* Goal of the exercise: Reproduce all of the data exactly.

[Opening Data provided section]

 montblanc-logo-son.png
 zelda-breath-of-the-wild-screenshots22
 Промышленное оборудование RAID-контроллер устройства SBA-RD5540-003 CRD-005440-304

[Closing Data provided section]

* Solved exercise:
 montblanc-logo-son.png
 zelda-breath-of-the-wild-screenshots22
 Промышленное оборудование RAID-контроллер устройства SBA-RD5540-003 CRD-005440-304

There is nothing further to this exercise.